Точно, — соглашаюсь я снова и снова. — Конечно, не могут.
Ананка-Неотвратимость не могла себе этого вообразить — и потому мертва.
Точно так же, как вы, истины.
Почему же это мы мертвые, — возмущаются истины и пытаются встать на цыпочки — чтобы звучать из теней, из воздуха, из снов. Слышишь?! Почему мы — мертвые?!
— Потому что здесь другая эпоха.
Истины стыдливо ойкают. Оглядываются по сторонам, бормоча: «А что, уже новая началась? А когда же это она успела…» И уносятся подальше — из снов, из теней, из воздуха.
Остается одна — в воде.
С лицом, похожим на моё — черные волосы с серебринкой текут на плечи, острота скул… пустота взгляда.
— У тебя всё началось правильно, — говорит эта пустота. — Ну и чем закончилось?
— У тебя всё началось неправильно, — гляжу в ответ я. — А закончилось ли вообще?
Скажи мне, моя черноглазая истина-двойник — что есть правильно, а что — нет? Правильно — это… лучше? Для кого? Для богов? Для Ананки?! Для мира?
Неправильно — это… невозможно? Не прописано? Не предсказано?
И не получается ли так, что и ты принял похожее решение в своем «неправильно» — и тоже убил…?

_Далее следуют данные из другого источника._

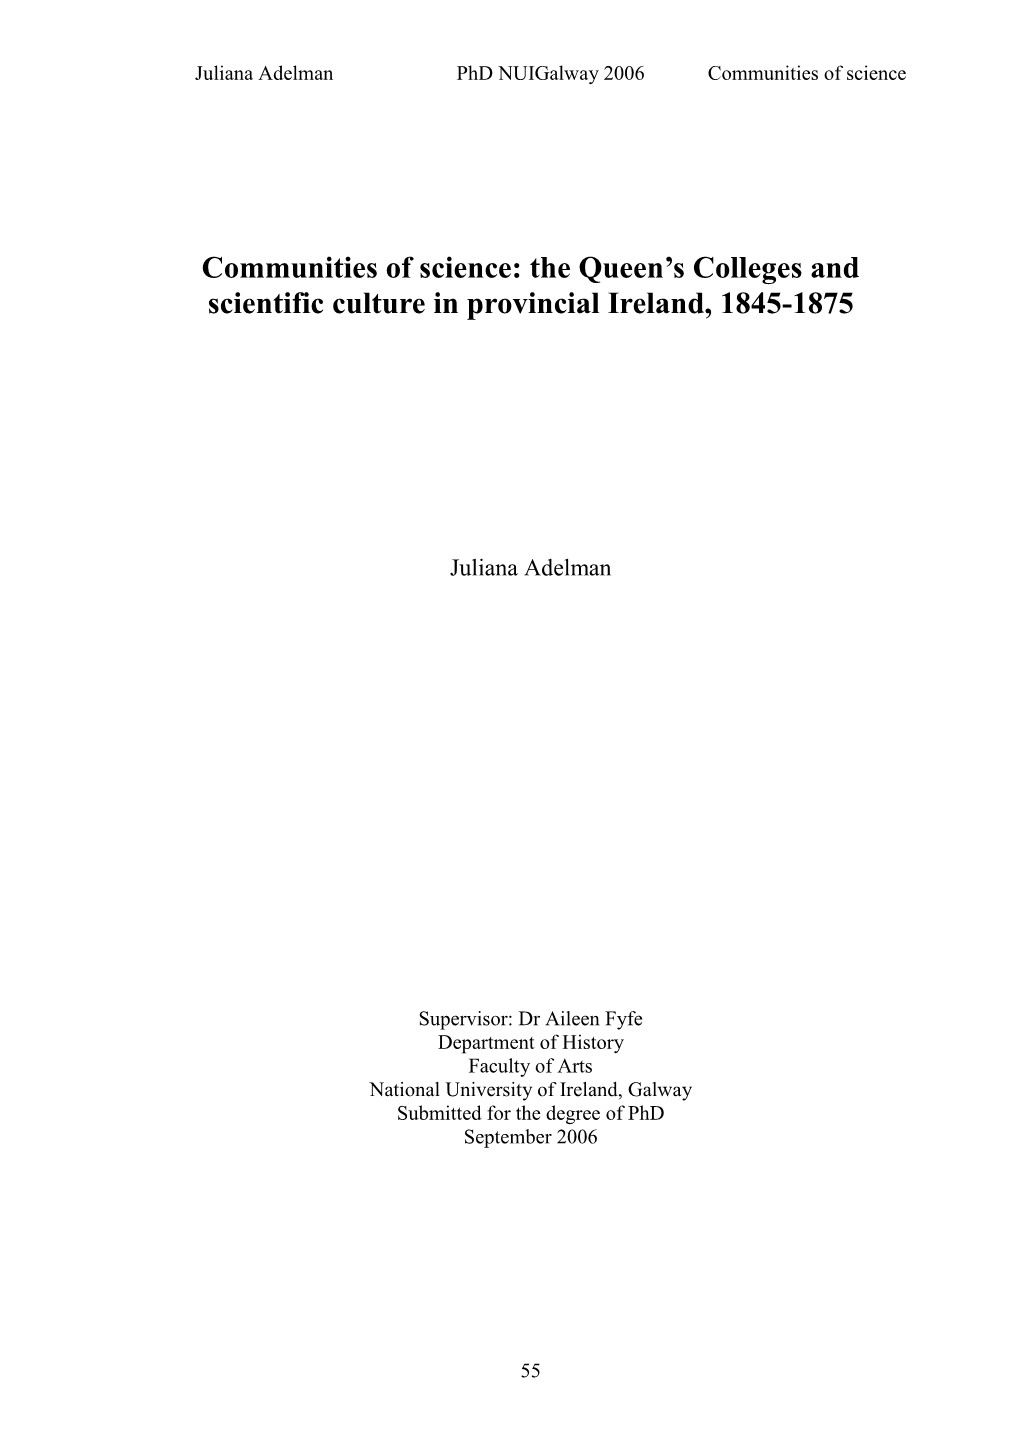 Communities of Science: the Queen's Colleges and Scientific Culture in Provincial Ireland, 1845-75' (Phd, National University of Ireland, Galway, 2006), Pp

И не выходит ли так, что наши «правильно» и «неправильно» сливаются в единственный путь, прямой как стрела или меч смерти?

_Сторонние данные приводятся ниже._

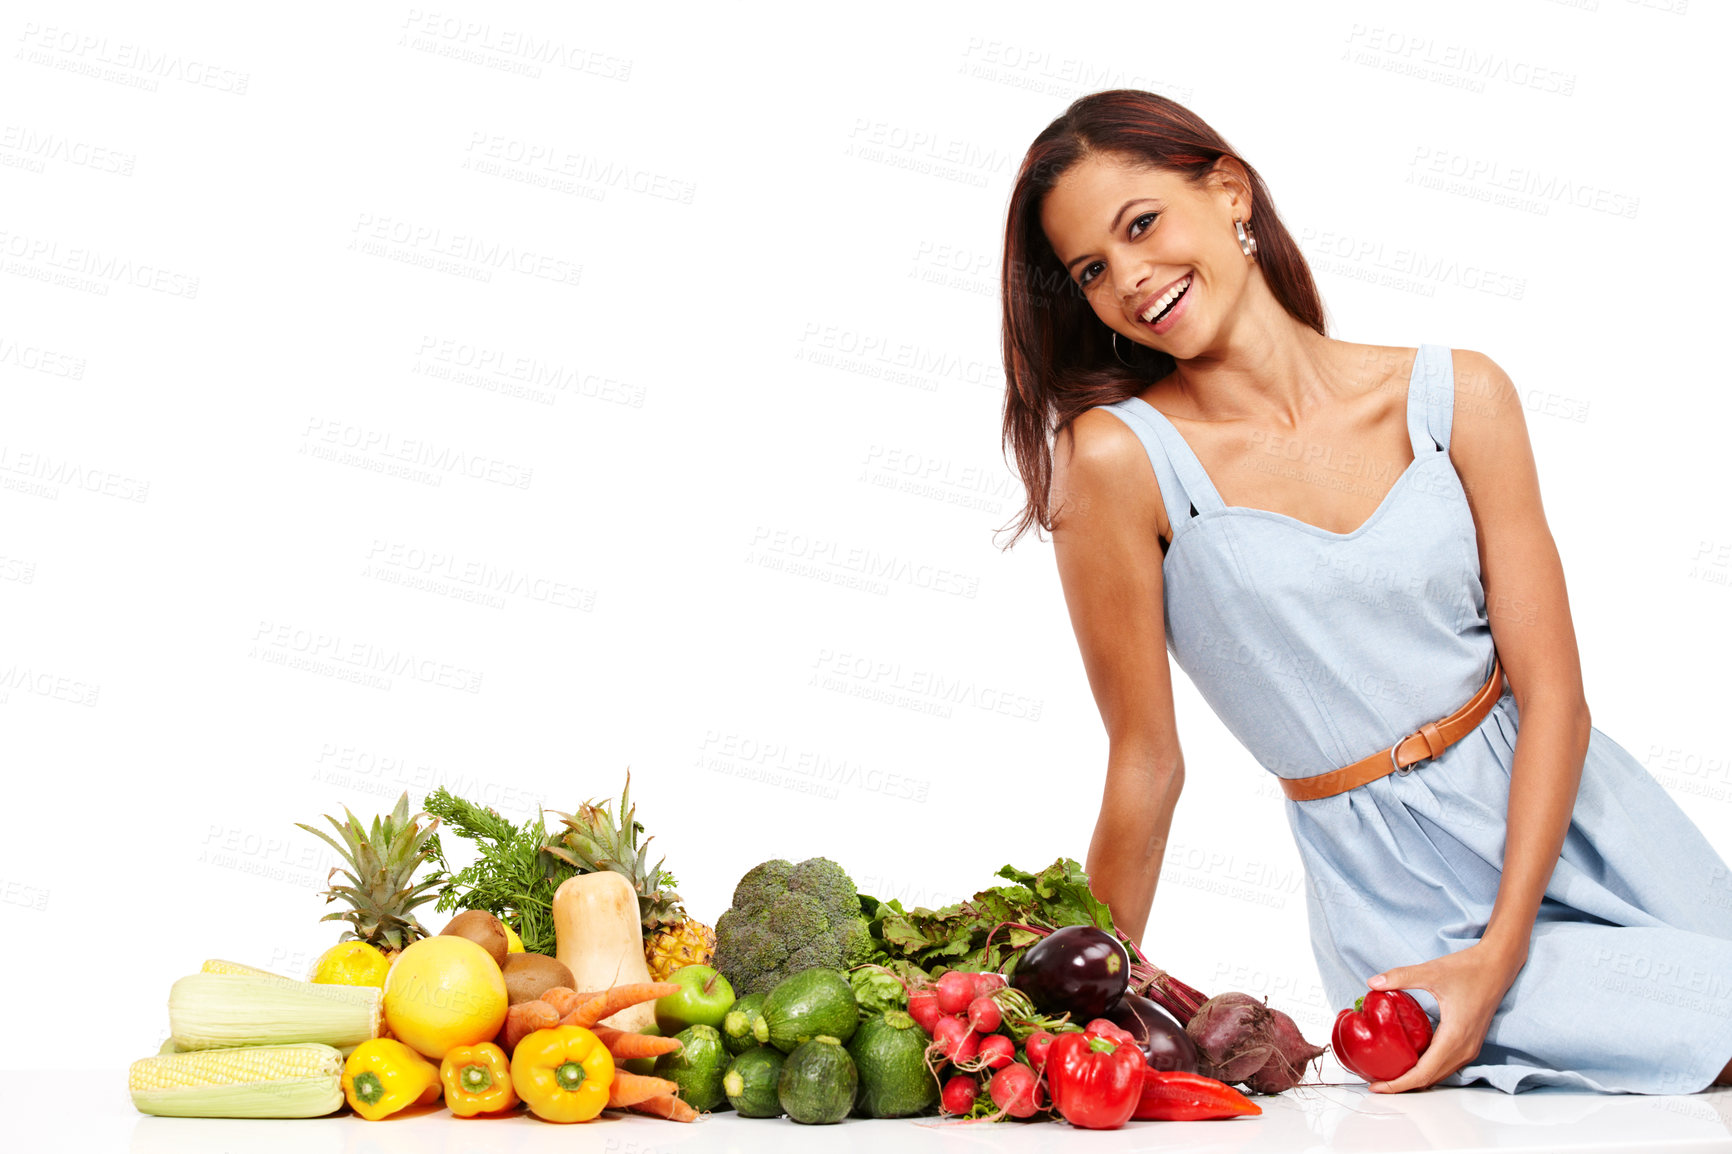 Buy stock photo Smiling young woman alongside an assortment of healthy and fresh vegetables

А если так — разве могло быть иначе?!
— Ты убил её, — сказала мать-Гея.
Хитон на ней был зелёным — будто весенняя трава. Вынырнула вот из искореженной плоти Флегр — взошла зачем-то. Наверное, весну учуяла.
Только вот лицо старушечье, губы дрожат…
— Да, — сказал я.
Больше не будет битв, — сказал я. Хватит великих схваток, ударов в спину и роковых пророчеств. Твоим сыновьям не нужно быть в Тартаре или умирать. Твоим внукам — тоже.
Мы победили, но быть не только нам. Быть — и всем остальным, и всему остальному.
Таков новый закон той, которая нынче правит на небесах вместо Ананки.
Густая коричневатость распаханной нивы в ее глазах дрогнула — и медленно, несмело проросла весенней зеленой порослью.
— Когда я выплавляла Серп из себя, — тихо заговорила она, подходя, — я надеялась. Надеялась, что он…
Надеялась, значит. Неудивительно, что удар Серпа был смертелен для Ананки: в него было вложено то, что для нее — яд.
И понятно, почему это оружие обернулось щербатой усмешкой небытия: отчаянная, неподкрепленная ничем надежда… безумная и обращающая в прах.
Гиганты топтались на месте растерянно. Оставшиеся в живых — около половины. Отдувались, складывали крылья, беспокойно поглядывали на нас — меня и Гею. Кое-кто уже получил стрелу от Геры, а с ней и подарочек — смертность.
Правда, у Геры таких подарков осталось — завались. Попроси, ладонь протяни — одарит с удовольствием: не промахнется. Хочешь — в глаз, а хочешь — в глотку. Бывшая царица Олимпа стала смертной, а стрелять не разучилась — вон как целится, вся настороже.
А захотите еще подарочков — новый царь морской вам с удовольствием сбренчит на своей новой кифаре — кифаре волн. Афина и Арес от себя добавят мечом и дротиком, Стикс — копьём, Танат огоньку обеспечит… крыльями, или факелом, или как пожелаете. Что?! Неужто не по нраву подарочки от родственников?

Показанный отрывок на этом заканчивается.